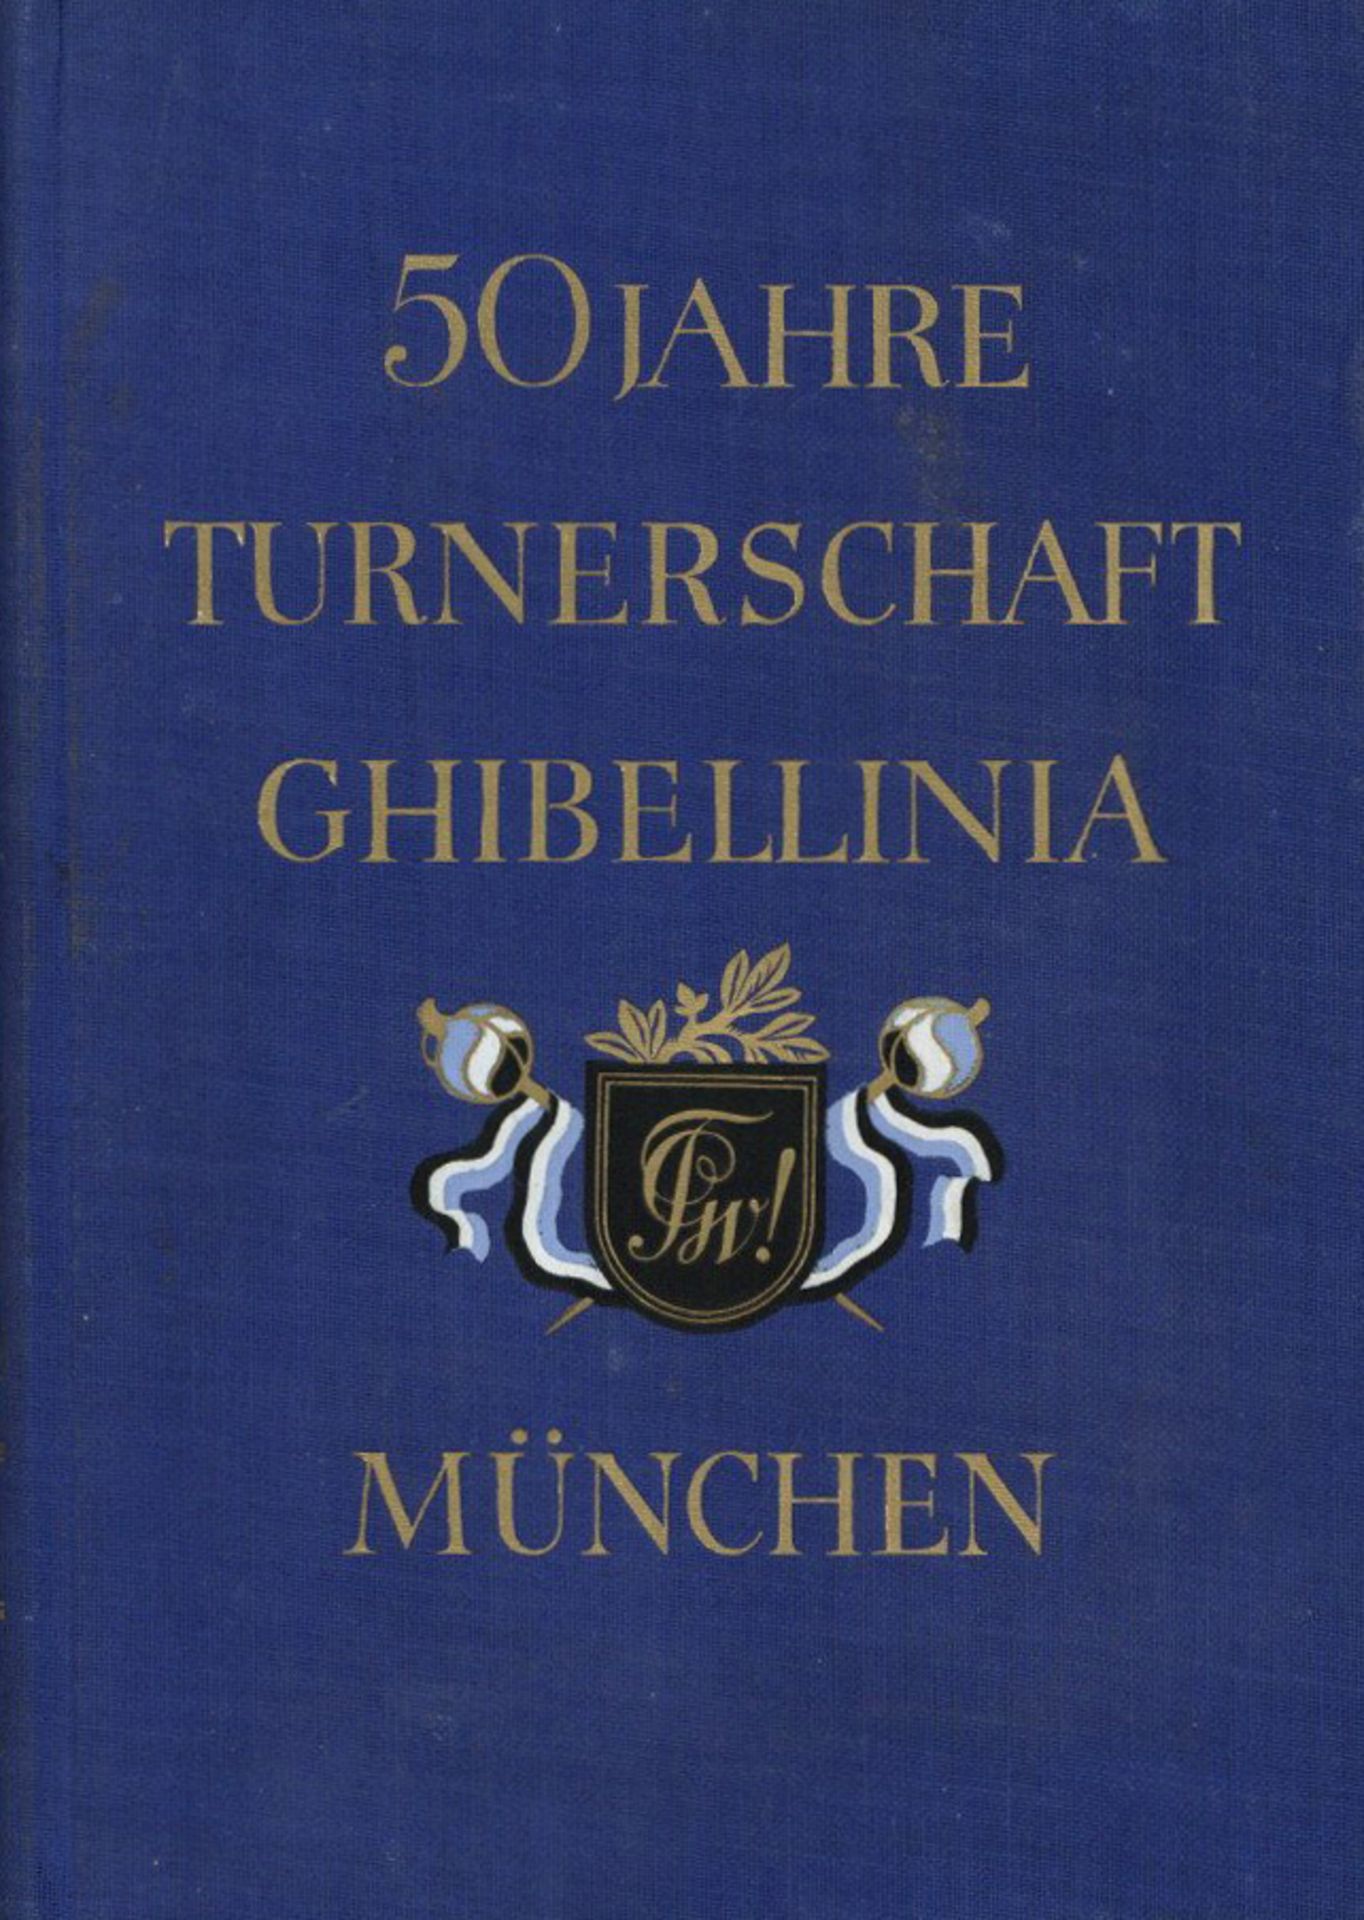 Turnen Buch 50 Jahre Turnerschaft Ghibellinia München von Woerl, J. 1934, 292 S. II
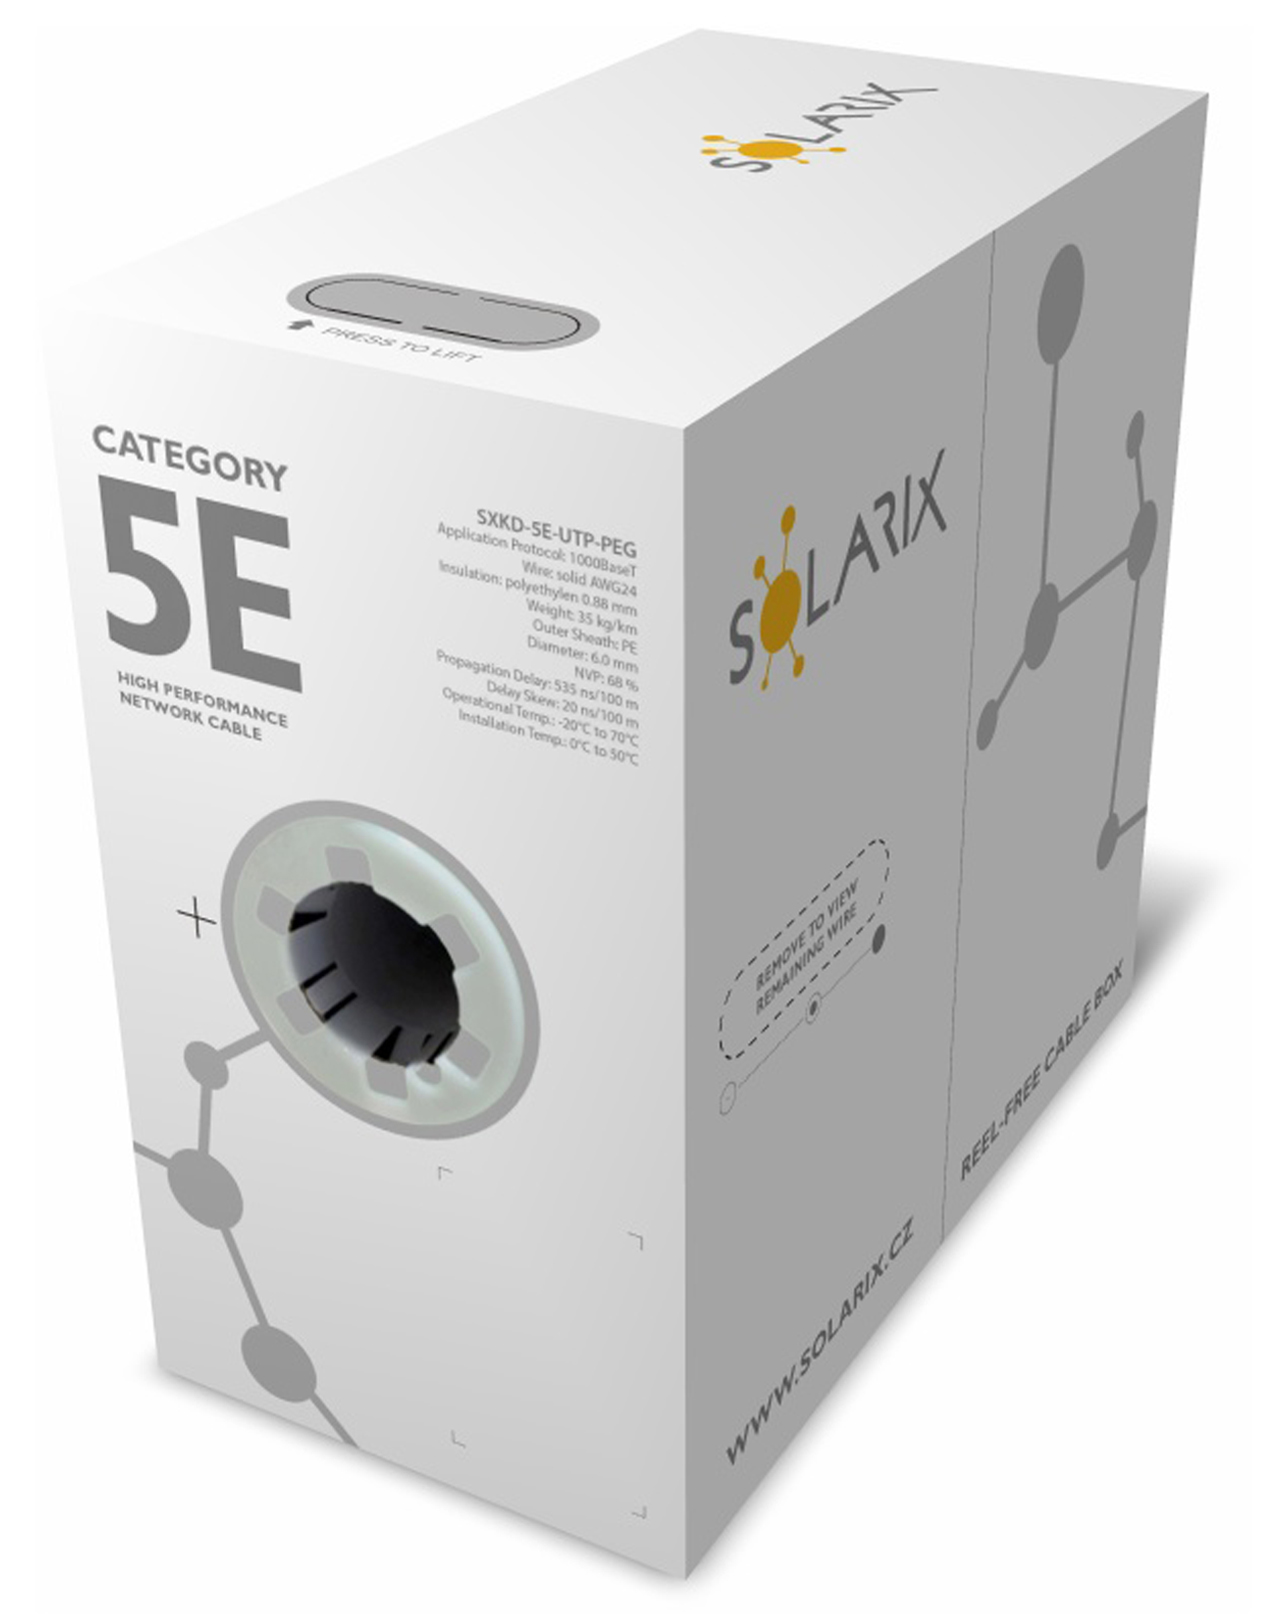 Inštalačný kábel Solarix CAT5E UTP PE Fca vonkajší Gélový 305m/ box SXKD-5E-UTP-PEG 
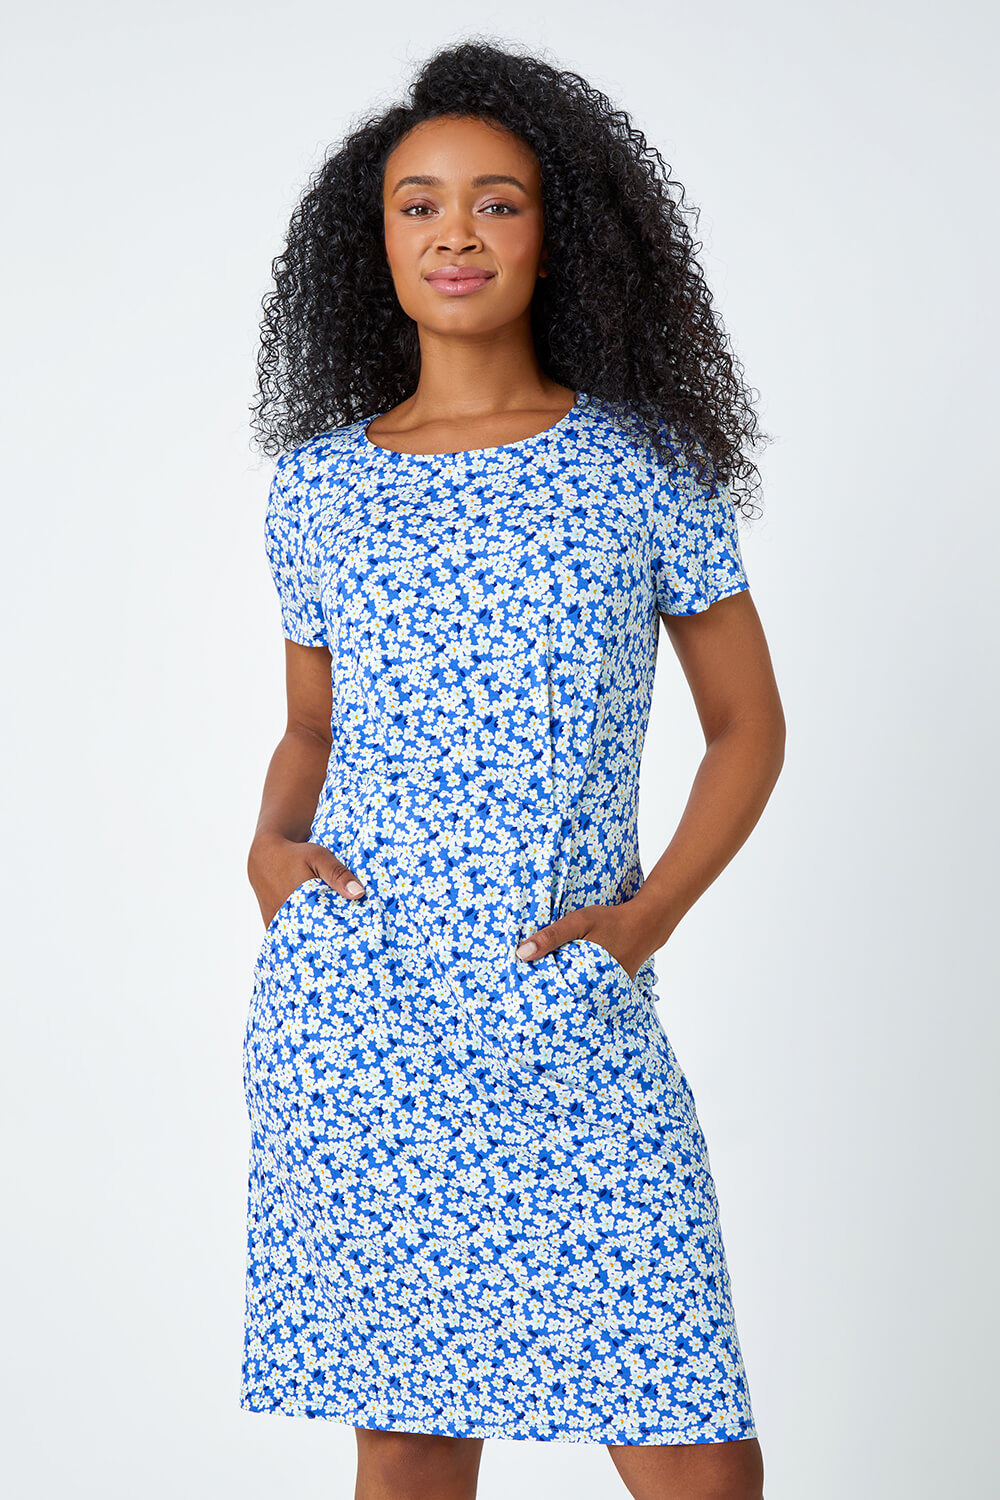 Blue Ditsy Floral Pocket Stretch Dress, Image 2 of 5
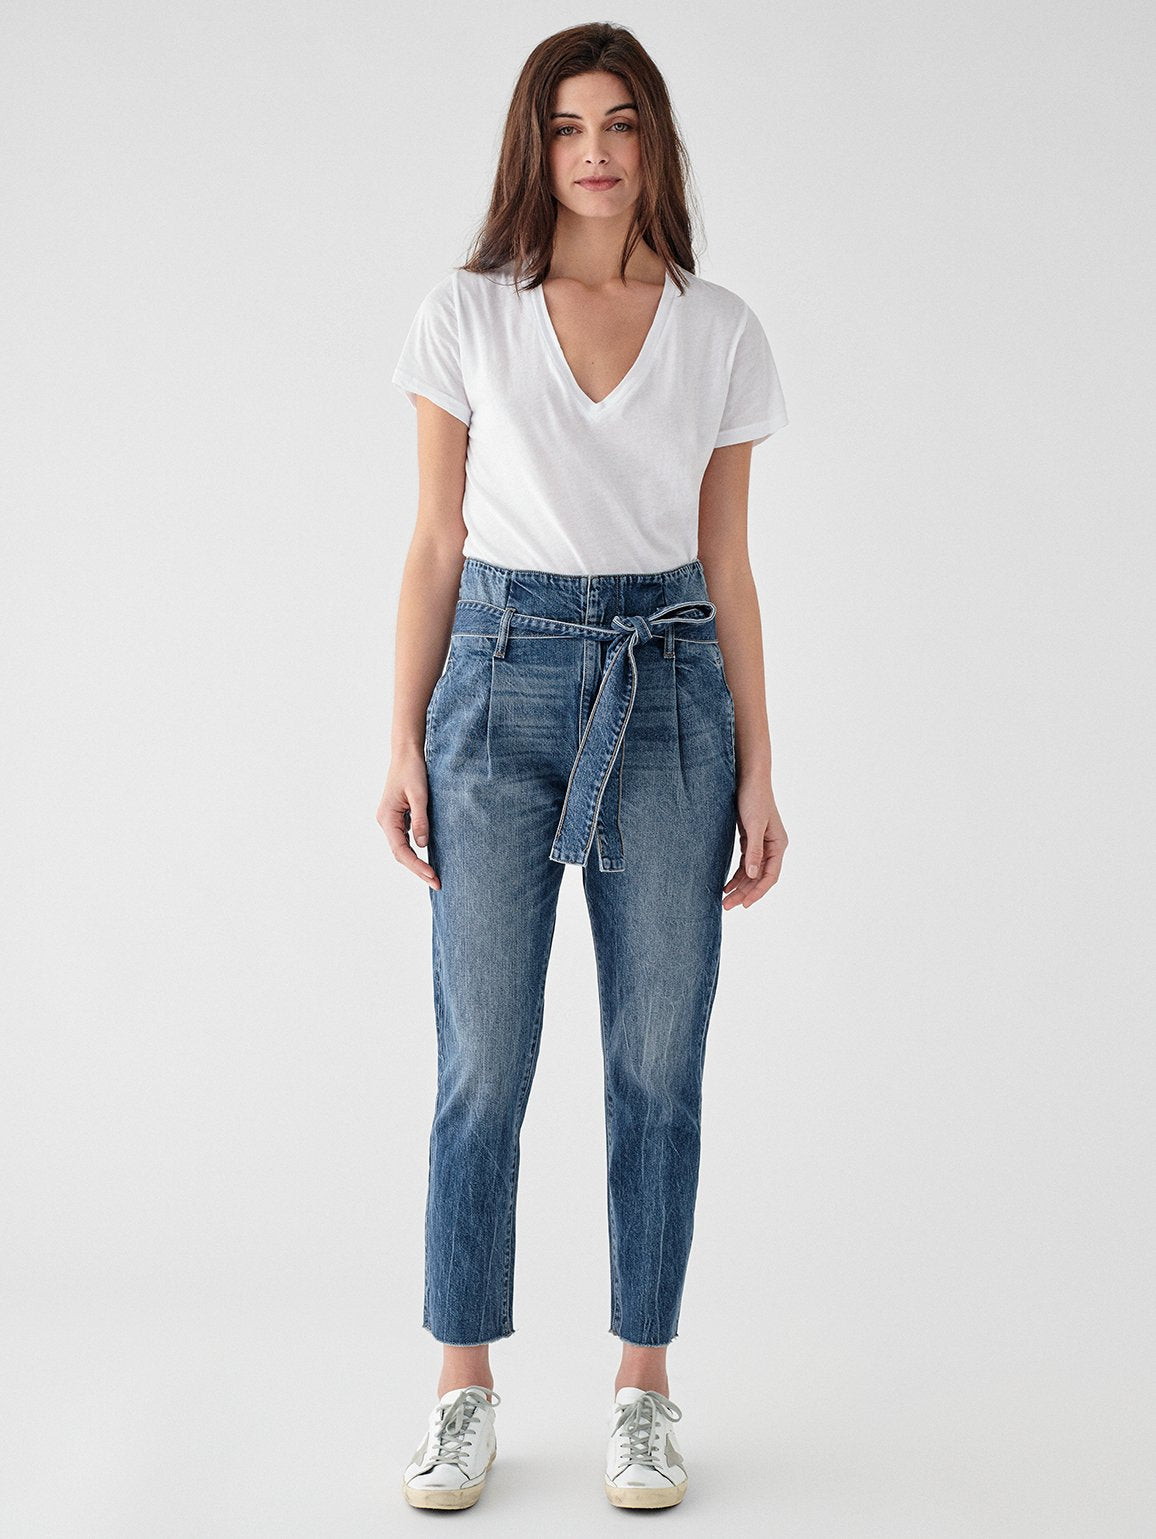 Wide Leg paper bag jeans - Denim blue - Kids | H&M IN

- What to produce -
Transcribe all the data word for word; the images stay out.

- Solution for this exercise -
 Turnen Buch 50 Jahre Turnerschaft Ghibellinia München von Woerl, J. 1934, 292 S. II
 Inštalačný kábel Solarix CAT5E UTP PE Fca vonkajší Gélový 305m/ box SXKD-5E-UTP-PEG 
 Blue Ditsy Floral Pocket Stretch Dress, Image 2 of 5
 Wide Leg paper bag jeans - Denim blue - Kids | H&M IN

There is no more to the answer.